Optimal control theory, a branch of mathematics typically applied to problems in engineering, can be applied to a wide class of problems arising in oncology26. The first application of optimal control theory in cancer was done by Swan and Vincent27 who found the optimal treatment strategy for multiple myeloma with the objective to minimize the total amount of drugs used applying the Pontryagin Minimum Principle (PMP)28. Since then, others have used the PMP to different optimal cancer treatment problems: a chemotherapy optimization under evolving drug resistance 29–31, optimal scheduling of a vessel disruptive agent32, MAPK inhibitors 33 input in cancer treatment, minimization amount of drugs prescribed in tumorimmune model34, finding compromise between drug toxicity and tumor repression for the myeloma bone disease35, and many others.

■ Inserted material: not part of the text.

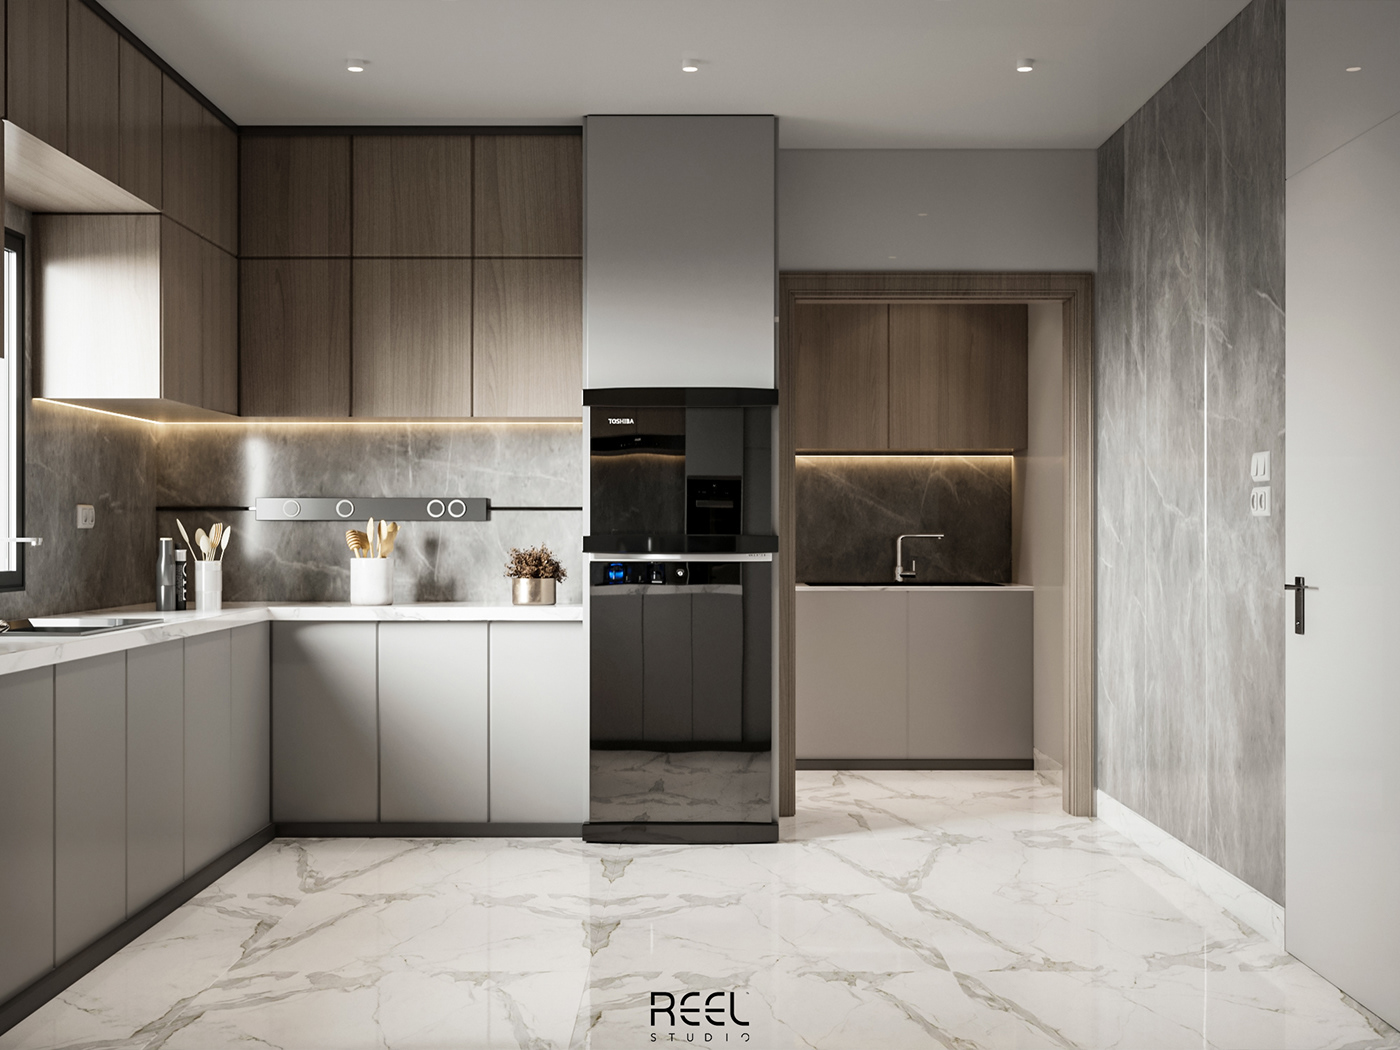 3D architecture art CGI decor design Interior kitchen minimal modern

While these approaches have offered benefits in their ability to formally optimize problems written as dynamical systems, the PMP method has several limitations. First, PMP yields only a necessary condition for an optimum, and any locally optimal trajectory of the control system satisfies PMP. Local optimality means that the trajectory is optimal when comparing it with its small perturbations, but there may well be a different trajectory that is even better (globally optimal, compared with all possible trajectories). Secondly, PMP provides a time-dependent (open-loop) control: given an initial state, the method provides an optimal treatment strategy as a function of time – therefore a treating oncologist has to follow it regardless of the changing state of the tumor. However, if the underlying model has been perturbed or includes some noise (like a tumor acquiring mutations, say), the control cannot adapt to these unexpected changes.
A different approach to analysis of an optimal control problem is a feedback (closed-loop) control point of view. Using the Hamilton-Jacobi-Bellman (HJB) equations, one can obtain controls that depend on the current state of the dynamical system (current distribution of sub-populations of cancer cells) rather than only the current time36,37. In this case, the treating oncologist’s decisions can be adjusted if something unexpected has happened with the trajectory. Moreover, the HJB equations guarantees that the resulting treatment feedback strategies are globally optimal. Despite these advantages of the HJB over PMP method, there are few works38,39 which use the feedback control paradigm to find an optimal treatment strategy.
Here, we apply the HJB approach to solve for optimal treatment strategies for a model of lung cancer proposed by Kaznatcheev and colleagues40. In that paper the authors introduce an evolutionary game (system of replicator-type equations) that models the dynamics of three sub-populations of tumor cells. The article highlights the importance of a good scheduling in the polyclonal regime, when the game has cyclic dynamics. The article has an example of two different scheduling strategies with the same set of initial parameters that lead the system to opposite outcomes: putative recovery, versus putative death of a patient. While several qualitatively different treatment schedules are presented, optimal therapy is not discussed. Given the growing interest in EGT in clinical applications14 and recent work connecting these models using direct in vitro parameterization41, we believe the optimization of therapies based on such models will become increasingly important and the HJB-based approach will be used far more often in the future.
2 Methods
In this article we focus on a model of cancer evolution that has been proposed in Kaznatcheev et al. 40 and summarized in Box 1. This model considers interactions between three different sub-populations of cancer cells playing a modified version of the public goods social dilemma: glycoltyic cells (GLY), vacscular overproducers (VOP) and cells called defectors (DEF) which use both strategies to “cheat” on the others. GLY cells are anaerobic and produce lactic acid. Both VOP and DEF cells are aerobic. In addition, VOP cells spend extra energy to produce VEGF (a protein that improves the vasculature, benefiting both VOP and DEF). Based on the replicator model from EGT15,16 summarized in equations (1) and (3), the evolution of the tumor is described by tracking the changing proportions of GLY, VOP and DEF cells in the full population. The patient is viewed as recovered when the GLY proportion falls below some low threshold rb. (Below this recovery barrier, the validity of replicator-based model is harder to justify and we assume that the GLY cells are essentially extinct.) Conversely, we assume that GLY cells suppress other tumor cells and a patient dies if the total proportion of aerobic cells (VOP and DEF sub-populations combined) falls below some low threshold (a failure barrier) fb.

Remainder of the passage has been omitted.